Supporting a mixed character-set deployment

If you are working in an environment in which different computers with different character sets connect to the same HCL Compass database set, or you have selected Compass UTF-8 (8-bit Unicode Transformation Format) data code page (65001) for your database set, then you must consider the issues of character representation outlined in this topic.

  • Configuring the local character set

    The local character set is the set of characters that can be entered or displayed in the command line shell of the client operating system. On the UNIX™ system, the local character set is controlled by the LANG environment variable. On Windows™, it is controlled by settings in the Regional and Language Options. For more information, see the online help for the Compass Administrator.

  • Selecting and setting the Compass data code page of the database set
  • Selecting and setting the vendor database character set of your databases

    The vendor database character set for Oracle is referred to as character set or charset; as code page or code set for IBM® DB2®, and as code page or collation for SQL Server.

  • Coding hooks and scripts to handle characters in the Compass data code page that might not be included in the local character set
  • Updating schemas and packages

In versions of HCL Compass earlier than 7.0, write operations were not allowed unless the local character set matched the Compass data code page. If the settings did not match, only read-only operations were allowed. Read-only mode was necessary because the Compass applications used the local character set of the client or Web server to write data to the database instead of the Compass data code page for the database set.

Beginning in version 7.0, HCL Compass software processes data in Unicode, and its applications use the Compass data code page to write to its databases. These applications can now connect to the Compass database in read/write mode even when the local character set does not match the Compass data code page.

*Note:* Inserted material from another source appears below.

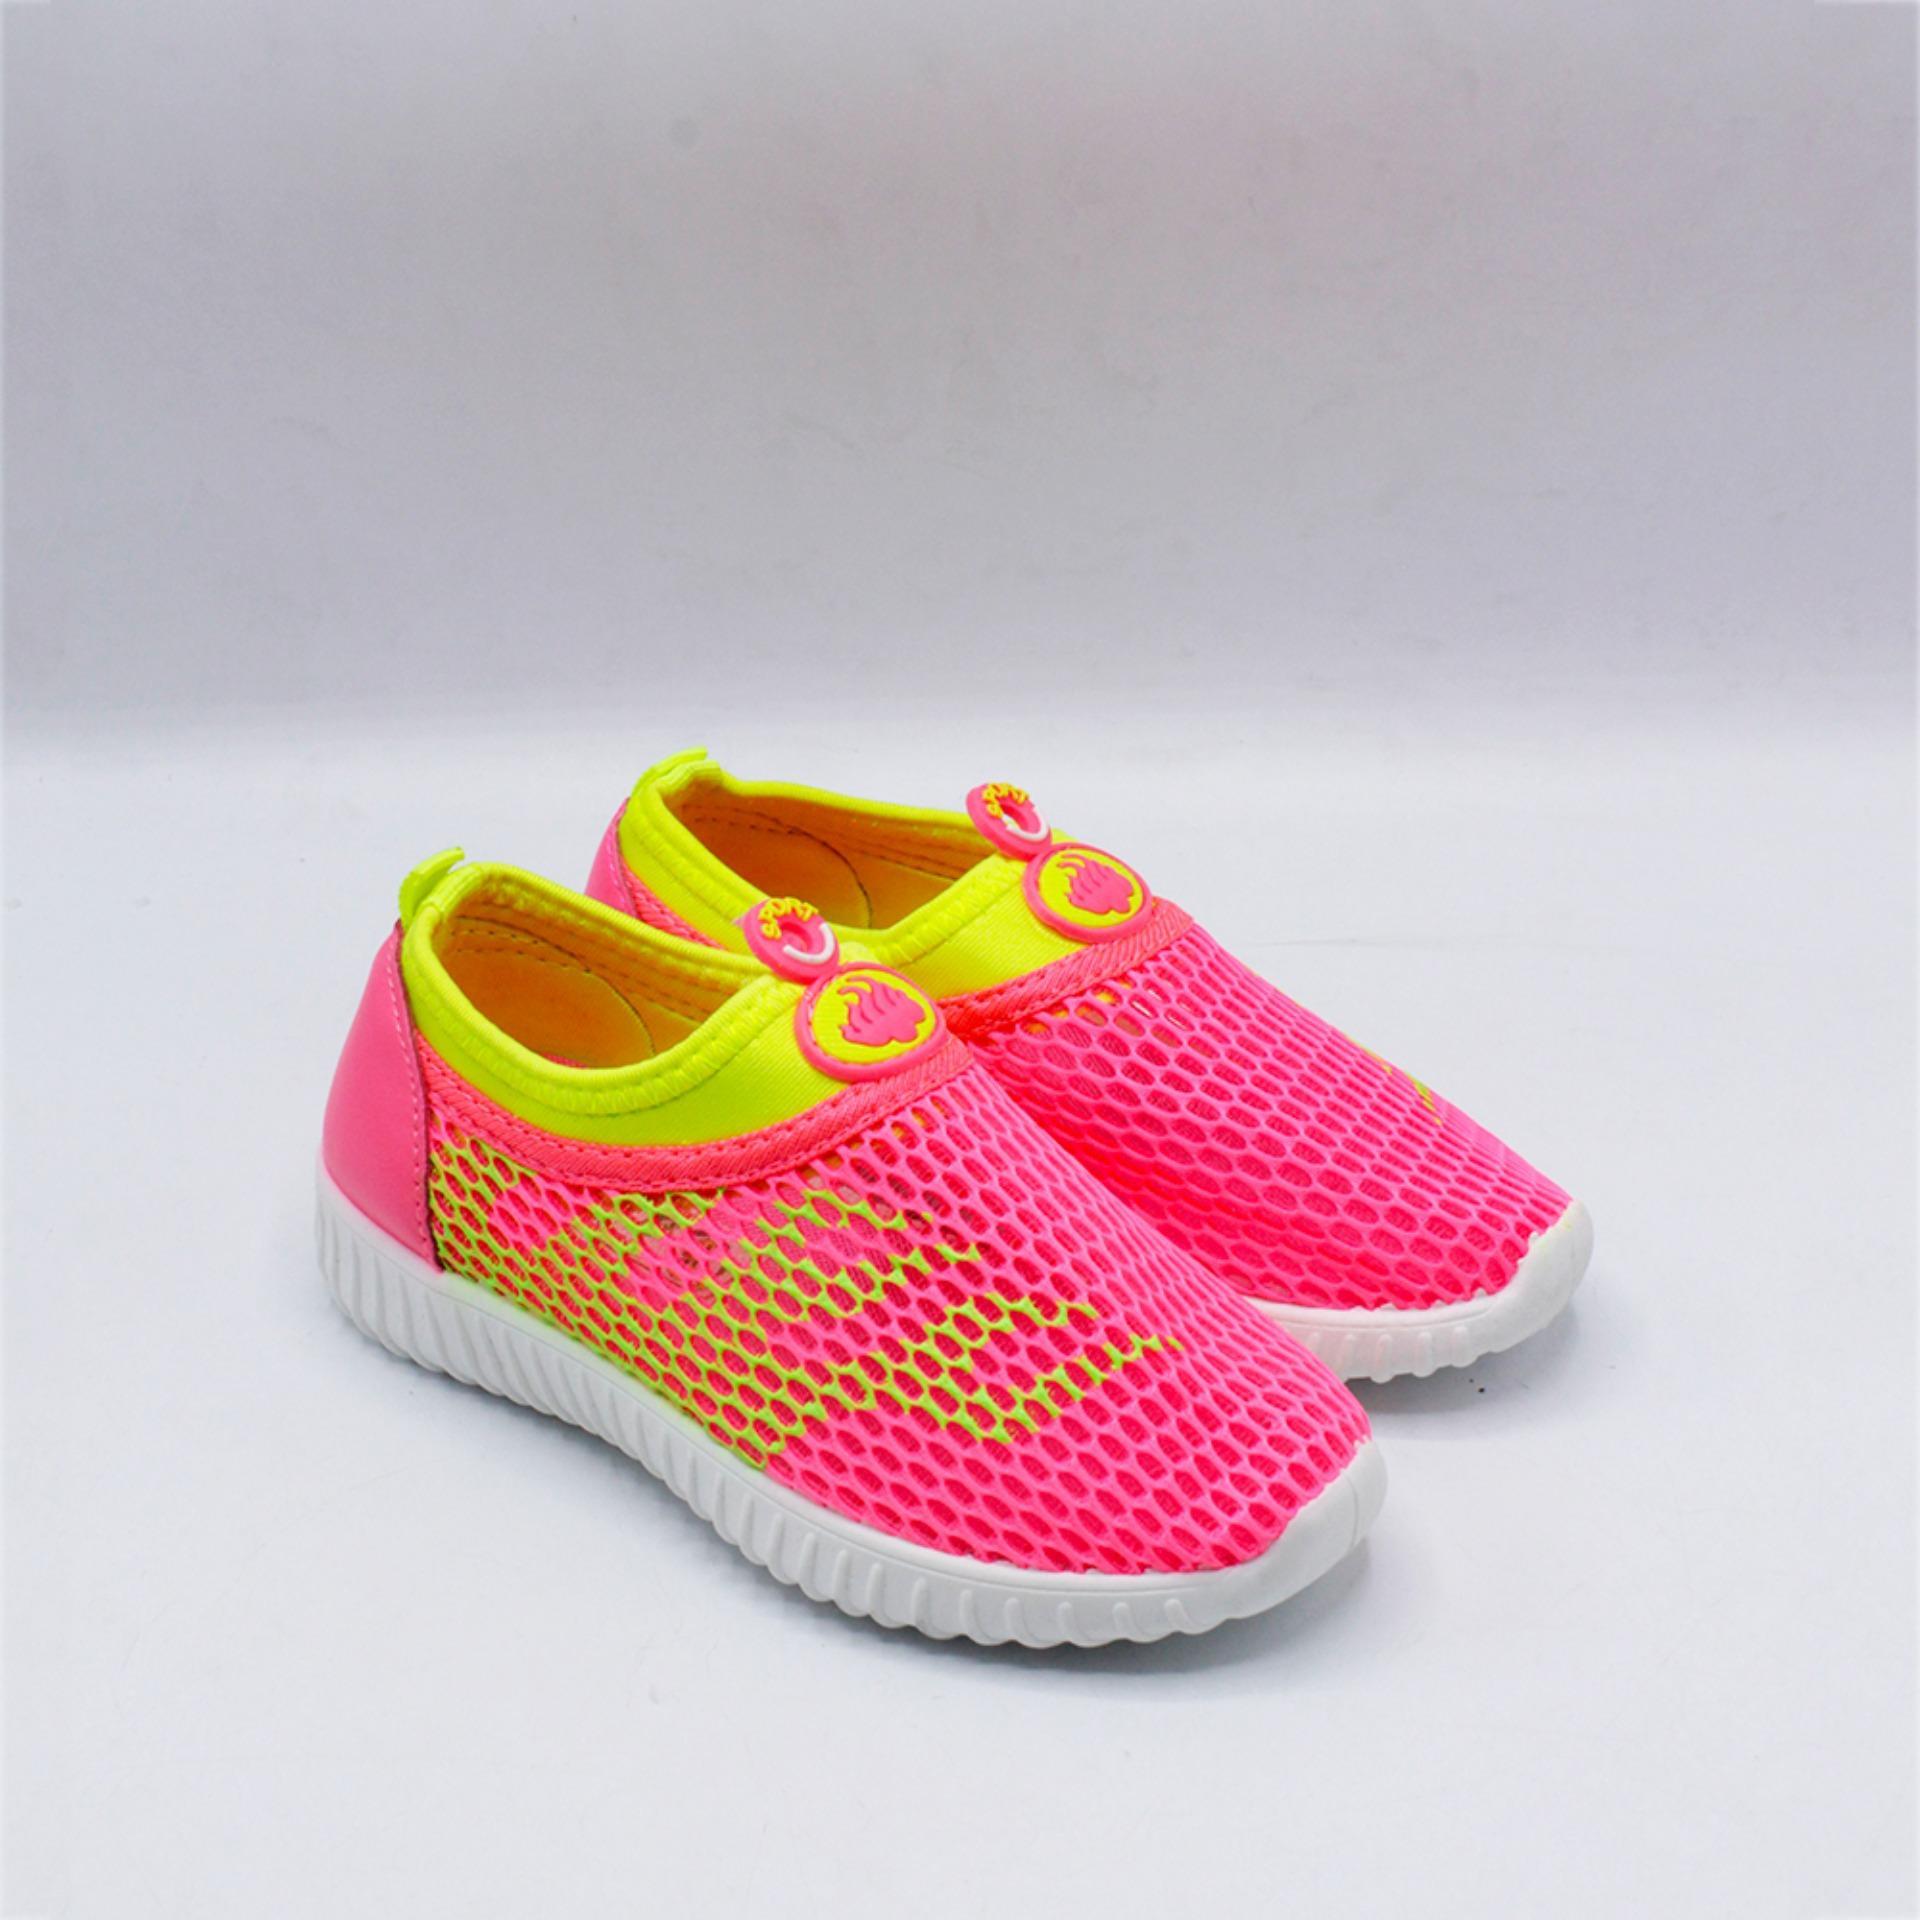 Cek Harga Baru Sport Sepatu Sneakers Anak 1604 264 A6 Peach Size 16 Sandal Laki 306 Brown 26 31 1608 07 36

Beginning in version 7.1.1, you can select a UTF-8 (Unicode) Compass data code page for Oracle or DB2 database sets. A UTF-8 data code page allows multilingual character storage in the Compass database. When you select UTF-8 as the data code page, you are working in a mixed character-set deployment unless the local code page of the operating system is also UTF-8, the latter of which is not an option on Windows systems.

This functionality allows great flexibility in a Compass environment that includes computers with different local character sets. However, scripts and hooks written for these environments must handle Compass character data that might not be included in the local character set. These scripts and hooks must be written to support Unicode to take full advantage of this capability in these environments.

The Designer includes a new setting: Unicode Aware. Hooks written for HCL Compass version 7.0 can specify whether characters in strings returned from Compass API calls must be in the local character set only (RETURN_STRING_LOCAL) or can be any Unicode character (RETURN_STRING_UNICODE). Also, new API functions are available to control the return string mode. In RETURN_STRING_LOCAL mode, an API call returns an exception if the return string includes characters that cannot be represented in the local character set. In RETURN_STRING_UNICODE, an API call returns all characters without error.

To ensure that hooks and scripts handle all possible data in a mixed character-set or UTF-8 deployment, you must set the mode to RETURN_STRING_UNICODE and properly handle the Unicode characters that might be returned. Setting the return string mode to RETURN_STRING_UNICODE is not sufficient; you must verify that your code can handle Unicode characters correctly. The guidelines listed below are helpful, but ultimately, you must use the appropriate Unicode programming techniques for the scripting language.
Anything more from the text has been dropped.